Les résultats montrent que presque tous les thérapeutes ont trouvé certains de leurs patientes et patients attirants. Des sentiments amoureux et des sentiments d’attirance sexuelle vis-à-vis des patientes et patients sont apparus au moins une fois chez presque 60 % des thérapeutes. Les prévalences à des actes érotiques (4,2 %) et sexuels (2,4 %) avec des patientes et patients sont en revanche moins fréquentes. En outre, les analyses de régression logistique binaire ont démontré que l’aspect de genre jouait un rôle significatif par rapport aux sentiments amoureux et aux phénomènes associés. Le rapport des chances que naissent des sentiments d’attirance sexuelle de psychothérapeutes hommes – par rapport à ce qui se passe pour des psychothérapeutes femmes – est ici par exemple de 6 contre 1.
En ce qui concerne les modèles explicatifs, il est ressorti ce que les personnes interrogées entendent par sentiments amoureux dans le setting thérapeutique (conception), comment des sentiments amoureux vis-à-vis de la clientèle se sont révélés (manifestation) et la raison pour laquelle ces sentiments ont pu naître (facteurs causaux) ou être empêchés (facteurs protecteurs).
L’analyse de contenu typologique permet d’établir une distinction entre le type des sentiments amoureux et le type de l’attirance. Dans ce contexte, les sentiments amoureux vis-à-vis des patientes et patients ne sont pas compris comme des contre-transferts, mais aussi dans de nombreux cas comme des phénomènes sentimentaux « véritables ». On ne peut notamment qu’être frappé par le fait que même dans le cas où les thérapeutes prennent explicitement leurs distances par rapport à la notion de sentiments amoureux et déclarent que leurs sentiments représentent « seulement » une attirance, ils font des expériences impliquant des sentiments d’attirance érotico-sexuels, des fantasmes et des excitations, des pertes d’assurance et des efforts de contrôle pouvant aller jusqu’à des interruptions de thérapie et des activités sexuelles avec les patientes et patients.

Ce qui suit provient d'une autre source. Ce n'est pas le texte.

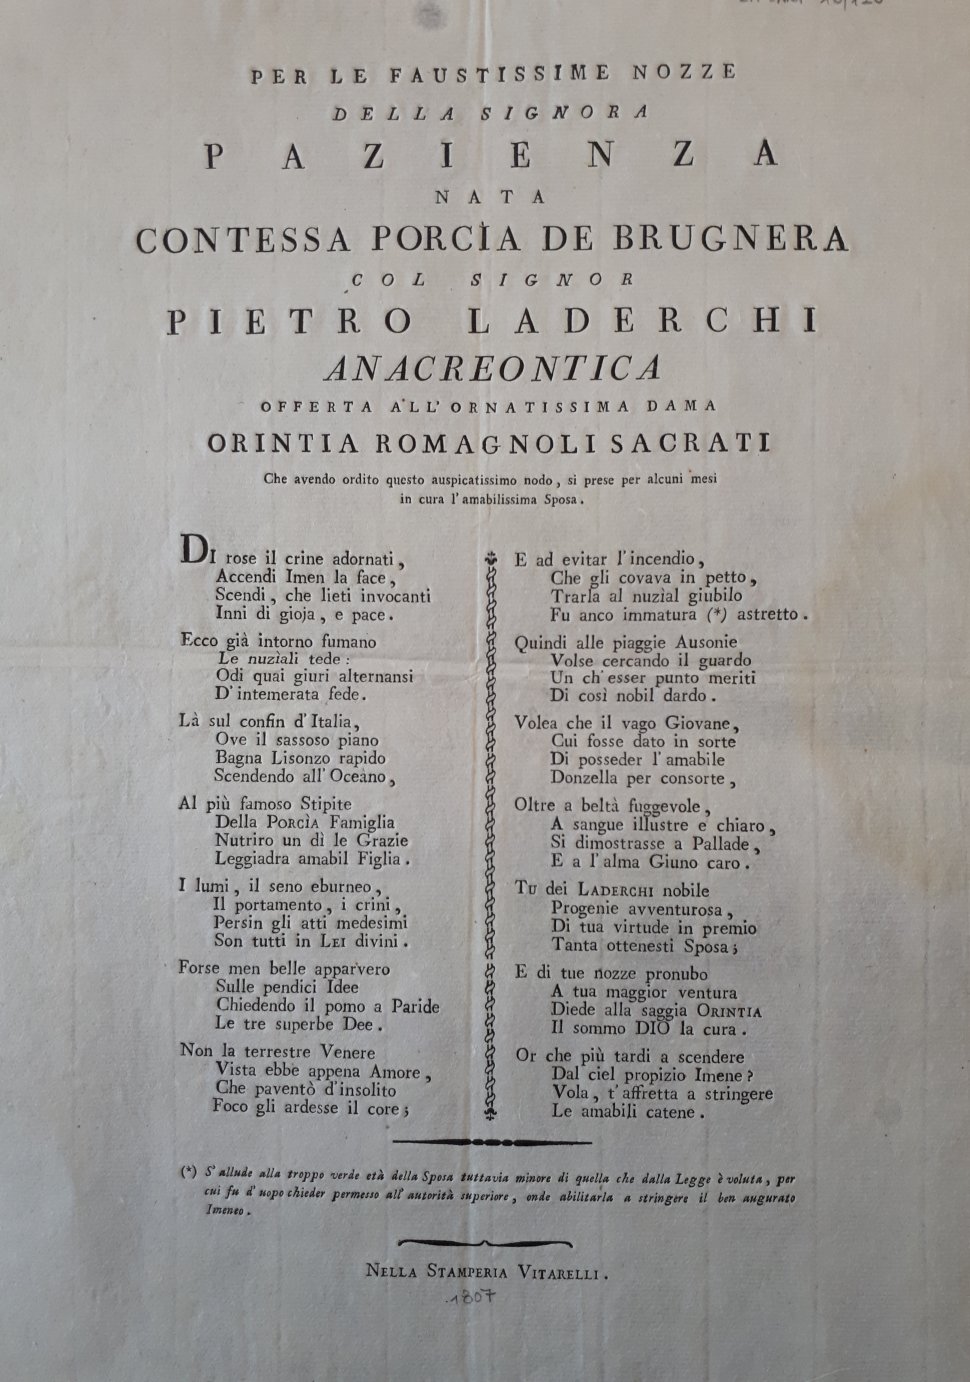 Anacreontica scritta da Orintia Romagnoli Sacrati per le nozze Laderchi-Porcia.

Les résultats offrent une large base de discussion, sachant que la thématique de l’abus ne doit pas être négligée. Même les résultats concernant le genre soulèvent la question de savoir dans quelle mesure la répartition traditionnelle des rôles entre les sexes se répercutent au niveau de la validation de la sexualité et en fonction des settings psychothérapeutiques. De la même manière, les explications des personnes interrogées par rapport aux causes et facteurs protecteurs en liaison avec la naissance de sentiments amoureux vis-à-vis des patientes et patients incitent à réfléchir sur un sujet délicat faisant souvent l’objet d’un tabou.
Les auteures
Esther Rhyn a étudié à la ZHAW, département psychologie appliquée.
Agnes von Wyl, Prof. Dr., est directrice du groupe spécialisé psychologie clinique et psychologie de la santé à la ZHAW, département psychologie appliquée.